Ce devait être un simple procès pour violences aggravées. Ce sera peut-être une affaire criminelle devant la cour d’assises. L’agression de Séverine, opticienne de 44 ans rouée de coups à Sarcelles en novembre 2024, prend un tournant judiciaire radical. Le tribunal correctionnel de Pontoise, qui devait juger ce mardi l’un des suspects, s’est dessaisi du dossier. En cause : les séquelles lourdes et probablement irréversibles de la victime, confirmées par un médecin dans une récente expertise. Les faits remontent au 18 novembre, vers 19h10. Séverine venait de fermer sa boutique au centre commercial des Flanades. À peine avait-elle atteint sa voiture, qu’elle était attaquée dans l’obscurité par deux individus. « Donne ta montre », répétaient-ils en la frappant au visage. Elle s’effondre, inconsciente, sous la pluie. Lorsqu’elle reprend ses esprits, seule sur le trottoir, sa Rolex estimée à 10 000 euros a disparu. Ses chaussures aussi.

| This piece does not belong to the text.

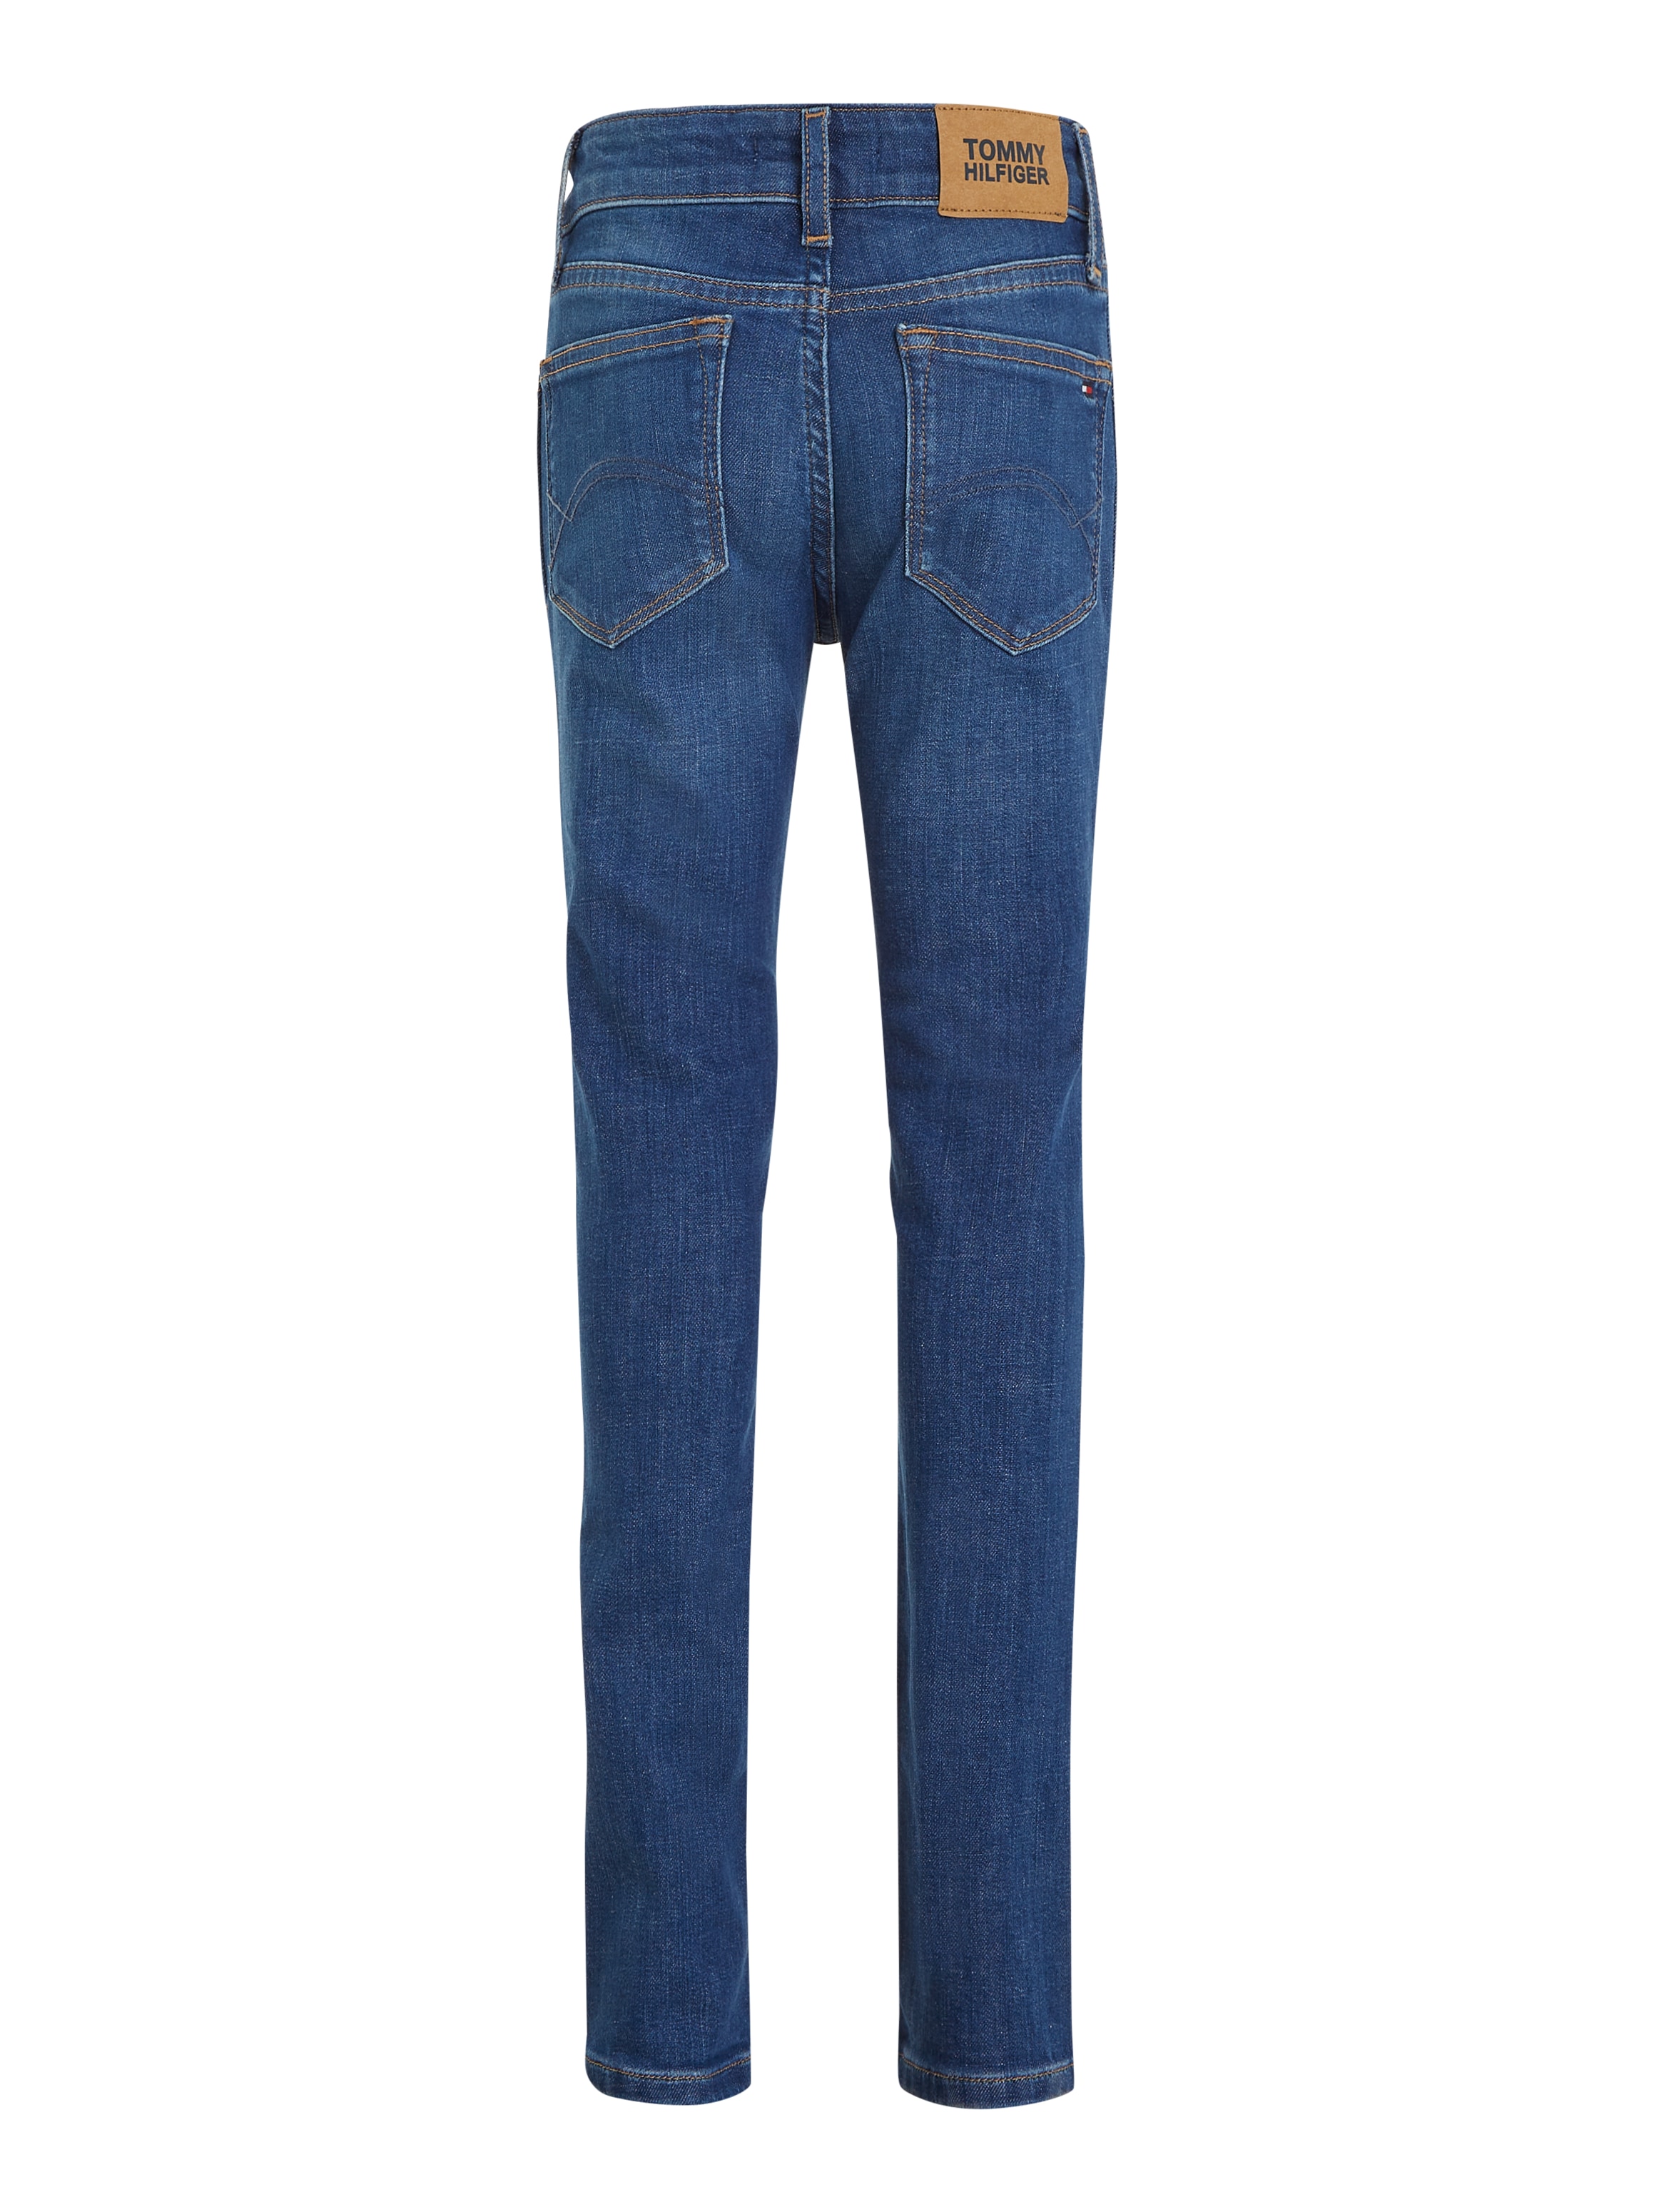 Tommy Hilfiger Slim-fit-Jeans »NORA DARK WASH«, in blauer Waschung

Une information judiciaire ouverte, direction la cour d’assises
Ce mardi, le suspect interpellé, un jeune homme de 19 ans nommé Ousmane D., devait comparaître. Mais au vu de l’aggravation médicale du dossier, le tribunal a préféré transmettre l’affaire à un juge d’instruction. Une information judiciaire va être ouverte, avec mise en examen à la clé. Si l’infirmité permanente est confirmée, l’affaire relèvera bien du criminel, et Ousmane D. pourrait comparaître devant les assises. Séverine souffre de plusieurs traumatismes physiques, dont une fracture du nez. Mais c’est l’évaluation récente d’une infirmité permanente qui change tout. Le vol crapuleux d’une montre de luxe, accompagné d’une violence gratuite, bascule vers une affaire plus lourde aux yeux de la justice. Abandonnée sur le bitume, Séverine avait réussi à rejoindre un magasin encore ouvert dans le centre commercial pour appeler à l’aide. Près de neuf mois plus tard, elle vit avec les stigmates d’un guet-apens brutal, pour une montre qui ne valait pas une vie fracassée.